I’ve done some gate crashing in my time. I’ve blundered into rooms and met rock stars, pro athletes and various politicians. But there is a real freaking difference between doing a shot of vodka with the guitar player from Journey and meeting the President of the United States. Nobody wants to kill the guitar player from Journey, for one thing. Well, hardly anybody anyway.
Mr. and Mrs. Salahi were actually invited to the hearing, but they decided not to show, which was smart. I mean, the “invitation” might as well have read “You are cordially invited to come and incriminate the bejesus out of yourselves while we go after you like wolves chasing a shaved lamb dipped in steak sauce.” Anyone who thinks “Any Publicity is Good Publicity” has never seen one of these hearings.
So in terms of these two getting what they wanted, well, yeah, I guess they are famous. But it’s the sort of “fame” that you don’t want. It isn’t D.C. famous. It isn’t “Dinner at the British Embassy” famous.
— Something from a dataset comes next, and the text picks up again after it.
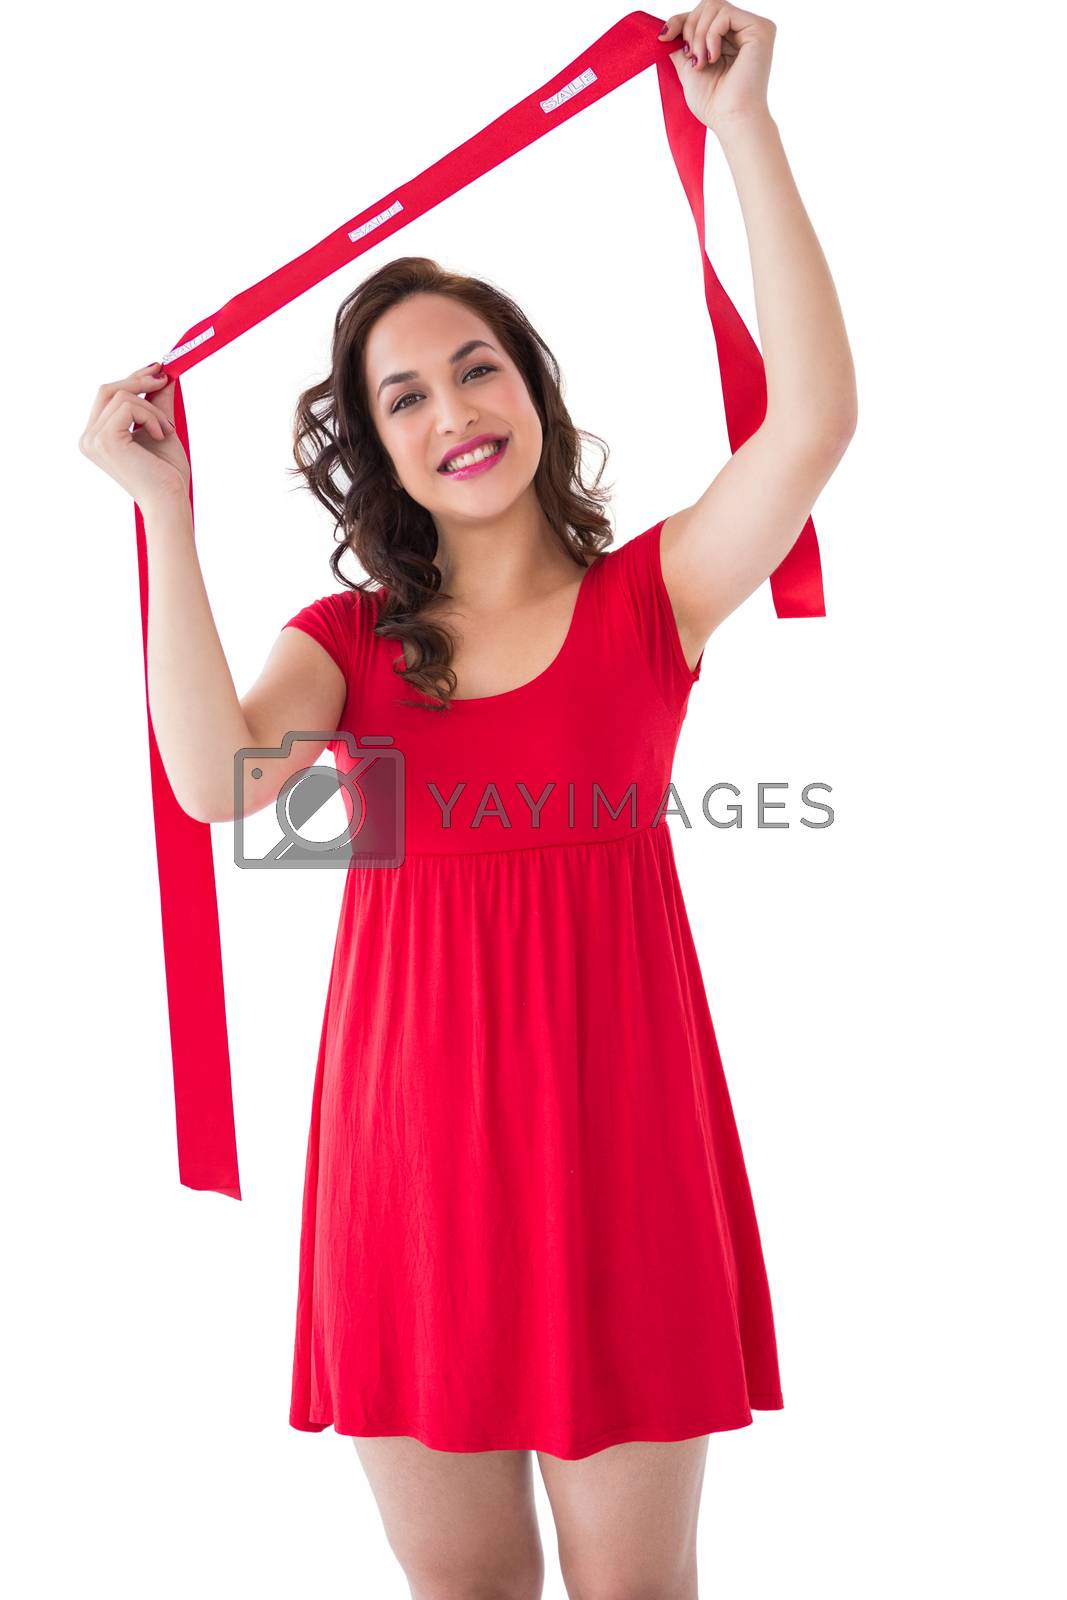 Royalty free image of Happy brunette in red dress holding scarf  by Wavebreakmedia
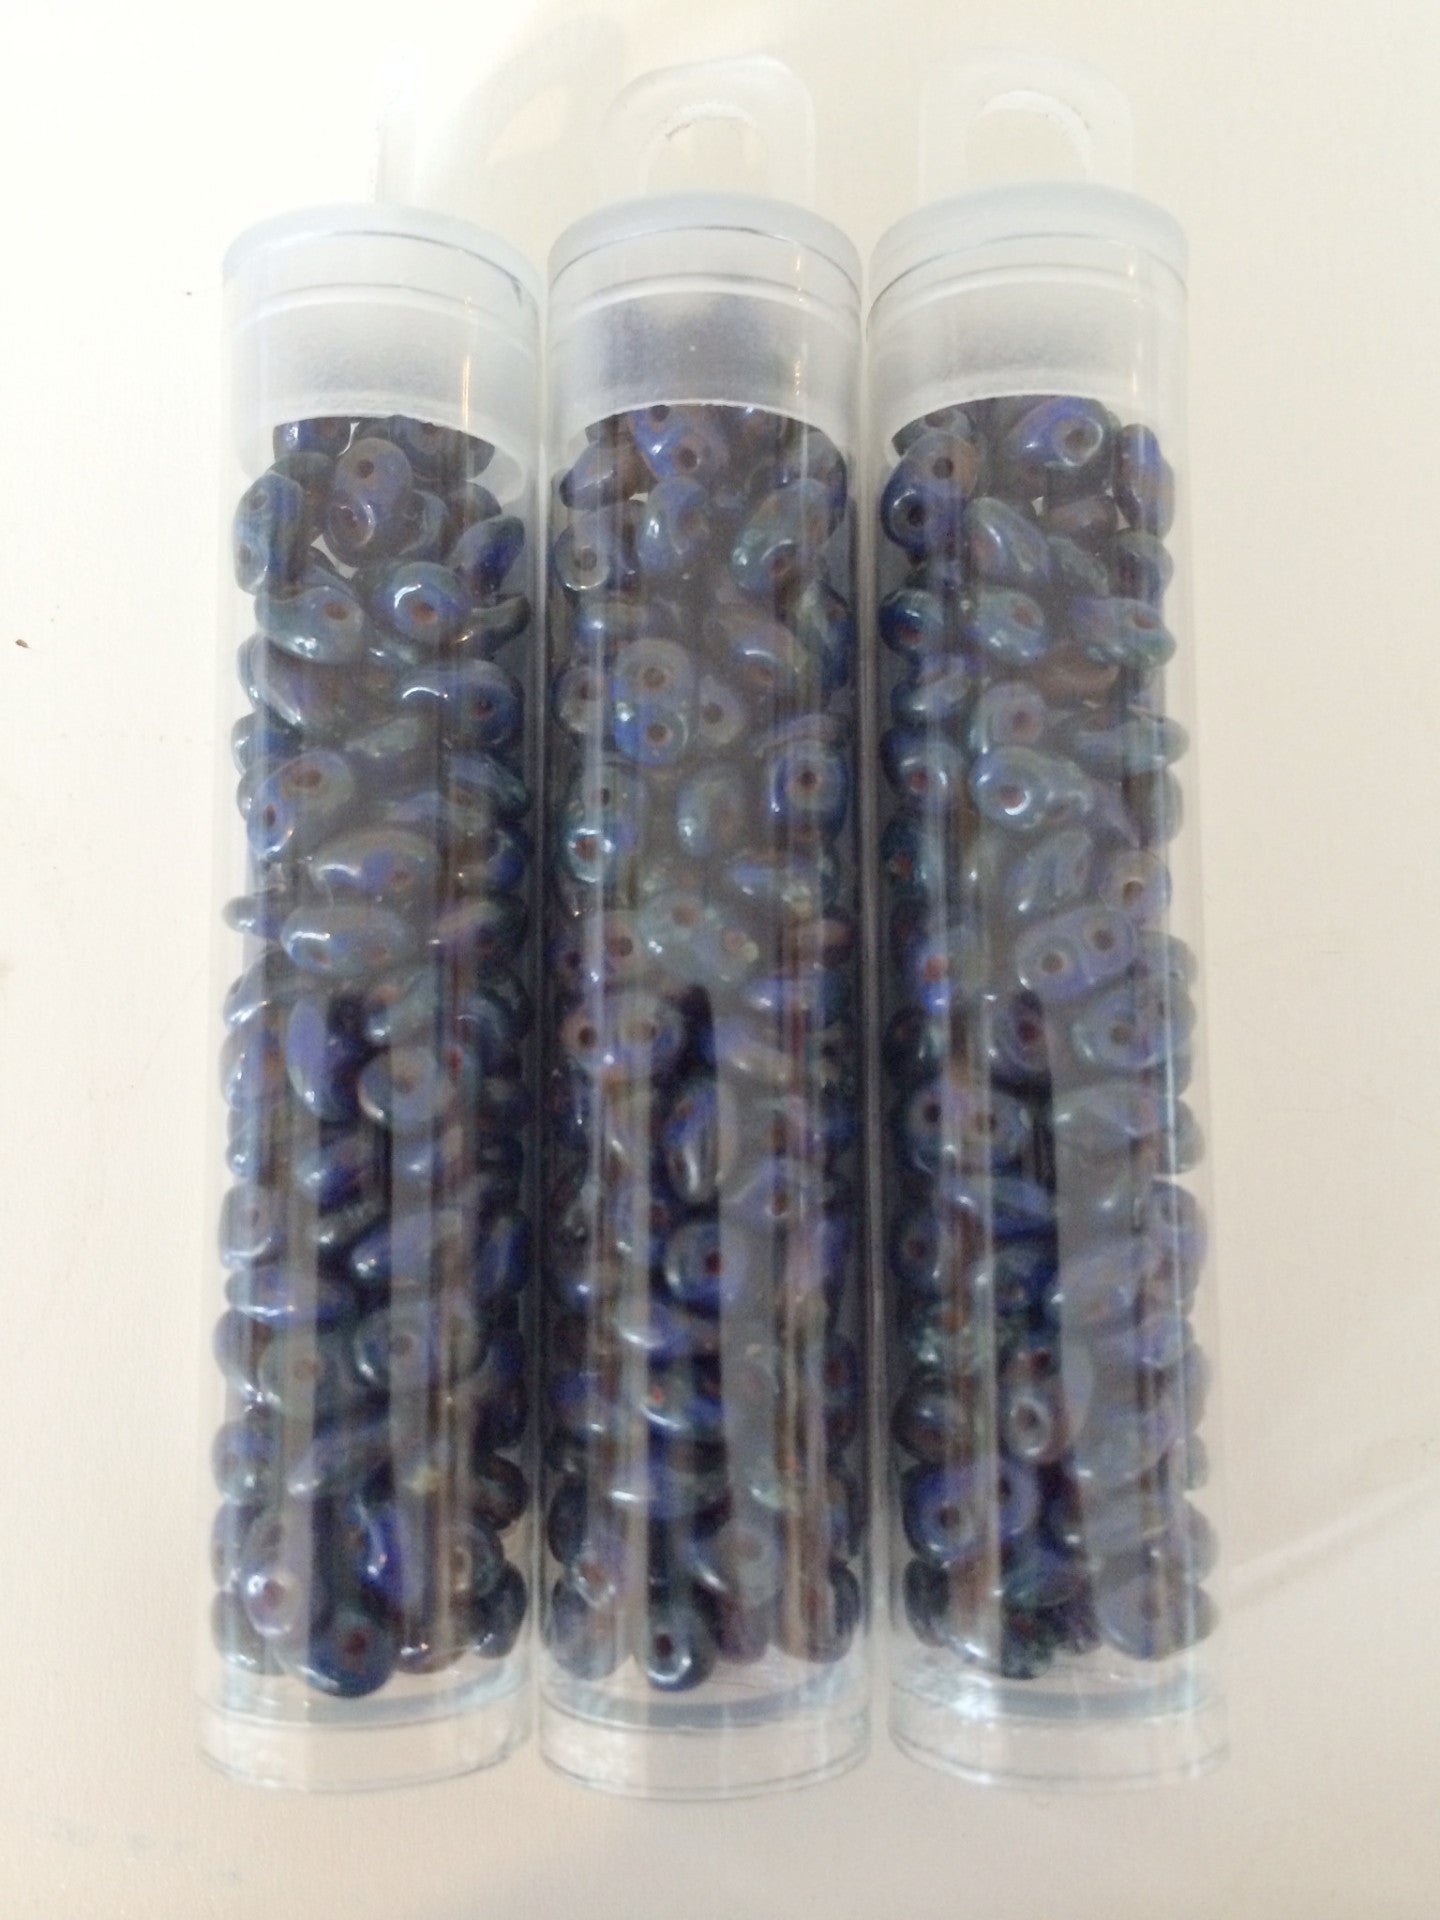 SuperDuo beads - Opaque Blue Picasso - Island Cove Beads & Gallery

It isn’t “Golf with Rahm Emanuel” famous. It’s “Fat Kid Doing Those Star Wars Moves” famous. It’s “Drunk Guy Getting Hit in the Balls on YouTube” famous. Their names are Mud now in D.C. They have engaged in transparent social weaselry, have publically disgraced themselves, and have probably torpedoed the careers of a few dozen Secret Service agents. What manner of mouth breathing dullard would actually watch a show about these two people?
Ah, hell. You know what? They’re probably taking meetings right now. I officially predict these guys are gonna be huge.